My partner and I have been living together for 18 months in London, and there is a possible job opportunity for my partner to get a job in Dubai.

Does anyone know the rules about visas for an unmarried partner?

Are we allowed to live together in Dubai?


----------



## Pasanada (Feb 5, 2008)

MelTony said:


> HI Everyone
> 
> My partner and I have been living together for 18 months in London, and there is a possible job opportunity for my partner to get a job in Dubai.
> 
> ...


Unmarried partners are unable to sponser their bf/gf.

It is illegal to live together if unmarried, you will face arrest and deportation if caught.

The UAE is an Islamic country, the laws of the land should be adhered to and cultural sensitivites respected.

HTH


----------



## Maz25 (Jul 6, 2008)

Pasanada said:


> It is illegal to live together if unmarried, you will face arrest and deportation if caught.


Deportation will probably follow a stint in some nasty jail!


----------



## crazymazy1980 (Aug 2, 2008)

MelTony said:


> HI Everyone
> 
> My partner and I have been living together for 18 months in London, and there is a possible job opportunity for my partner to get a job in Dubai.
> 
> ...


How do mate,

Please at least do a cursory search on the forum as there is the same question asked on the front page as I look at your question. 
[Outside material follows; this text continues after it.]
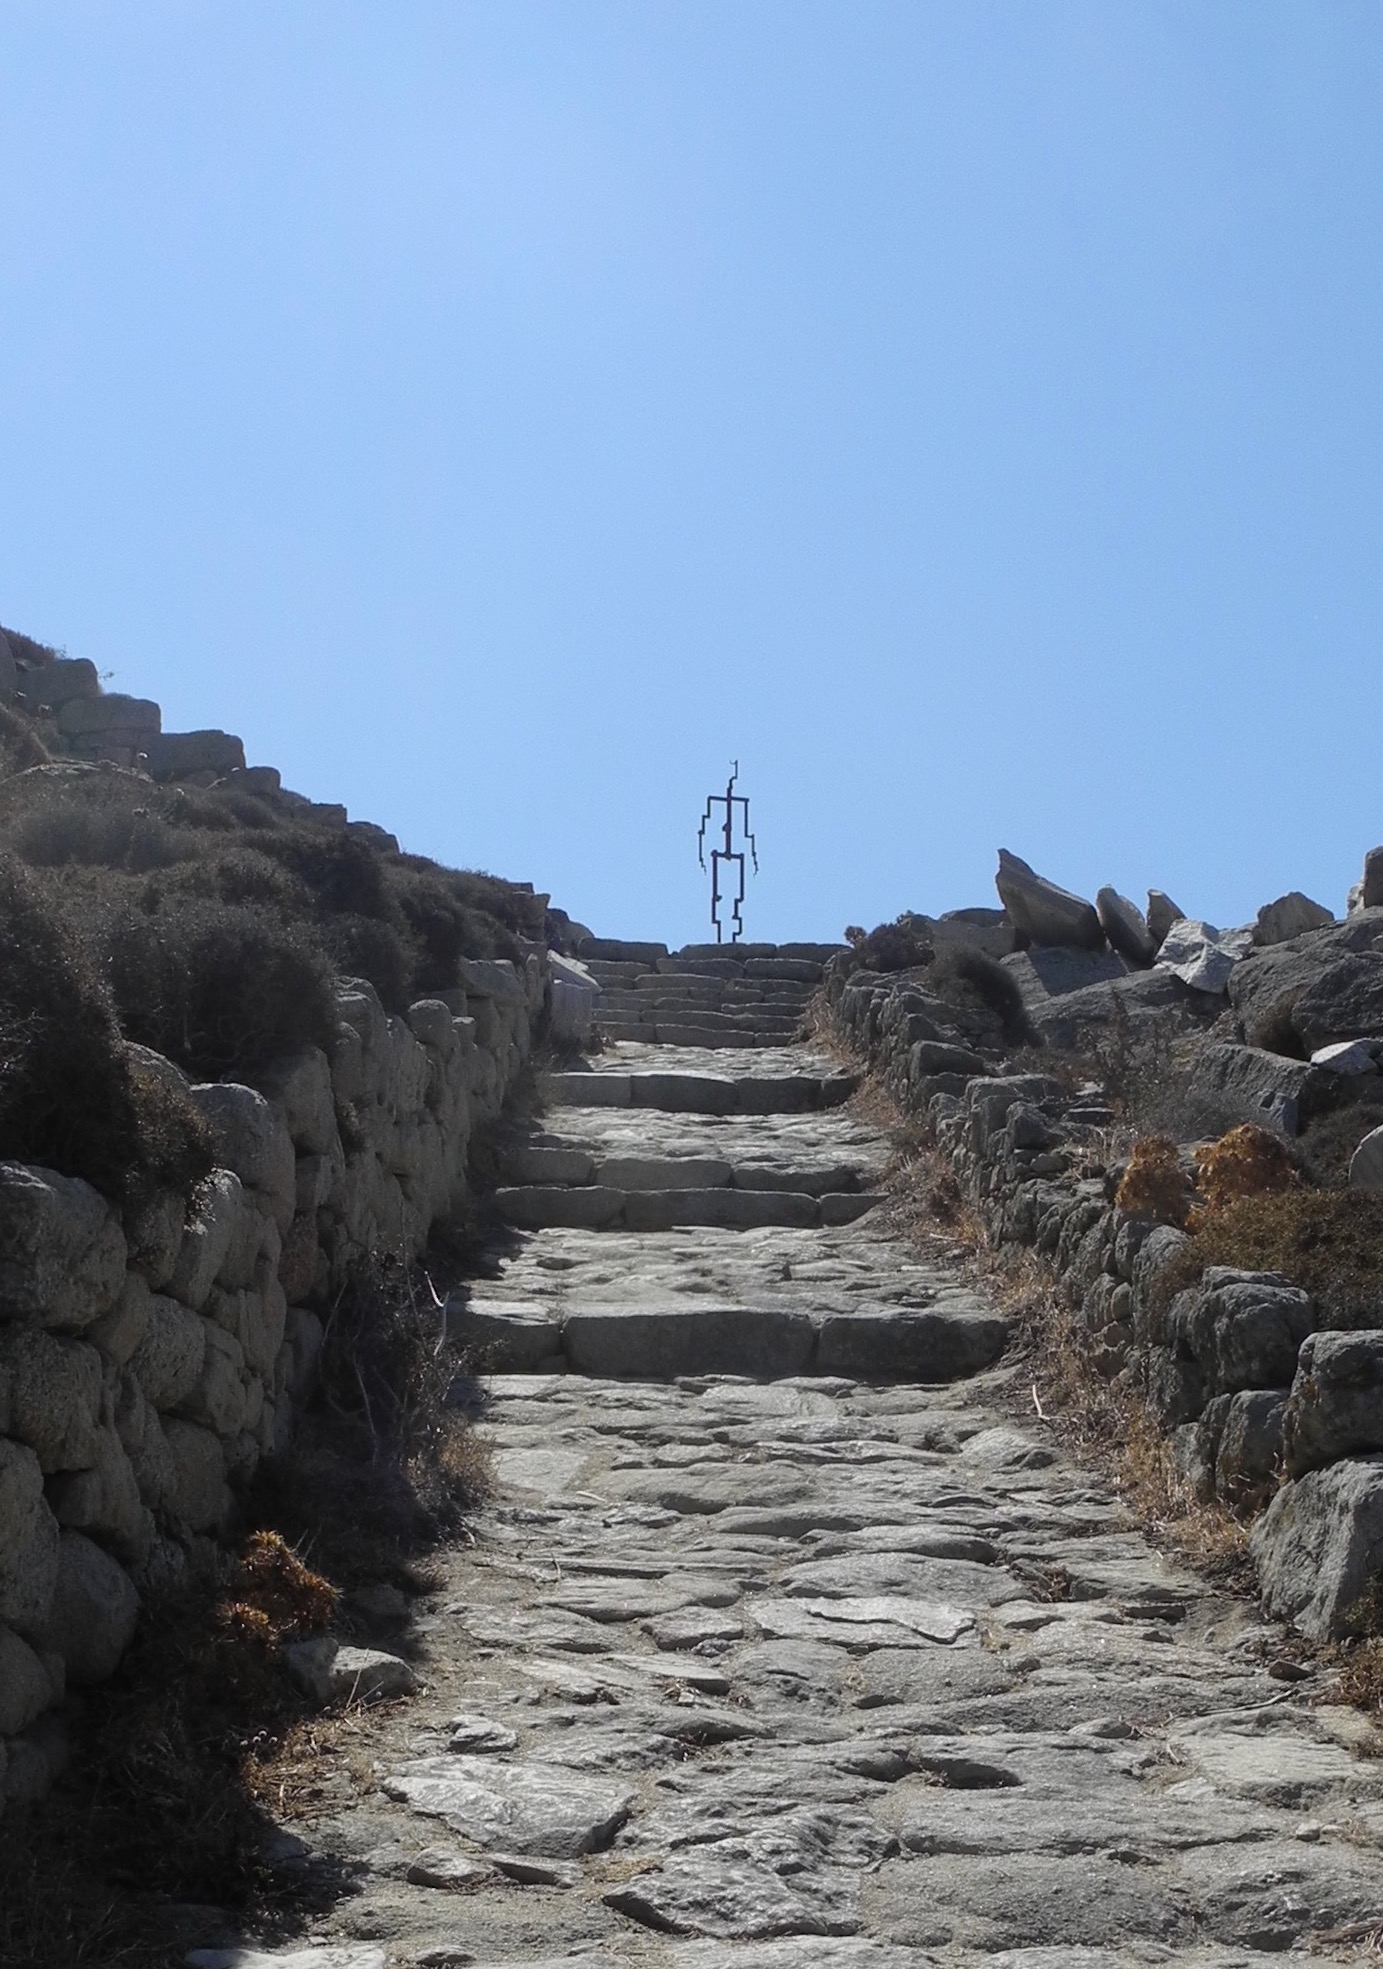 Signal II (2018), site-specific installation at the top of the ancient path ascending Mt Kynthos, Delos

Although Pasanada and Maz are much nicer than me and have answered your question. 

I'm normally much more cheerful


----------



## mazdaRX8 (Jul 13, 2008)

Someone should make this topic a sticky on this sub-forum with some hard facts FAQ style.


----------



## Pasanada (Feb 5, 2008)

Thanks, Crazy, the cheque is in the post! 

Mazda, I totally concur with your idea!


----------



## Elphaba (Jan 24, 2008)

The issue is mentioned in one of the stickys - post 8 in 'Are you moving to Dubai -this might help'. Sadly too few people bother to read that before asking questions.

When I get the time I will be reorganising all the factual info at the top, but it is time-consuming and you don't get paid to moderate!

Keep up the good work folks. 

-


----------



## Mrman (Jul 14, 2008)

Maybe you should change the title to...

STOP- READ THIS BEFORE YOU POST


----------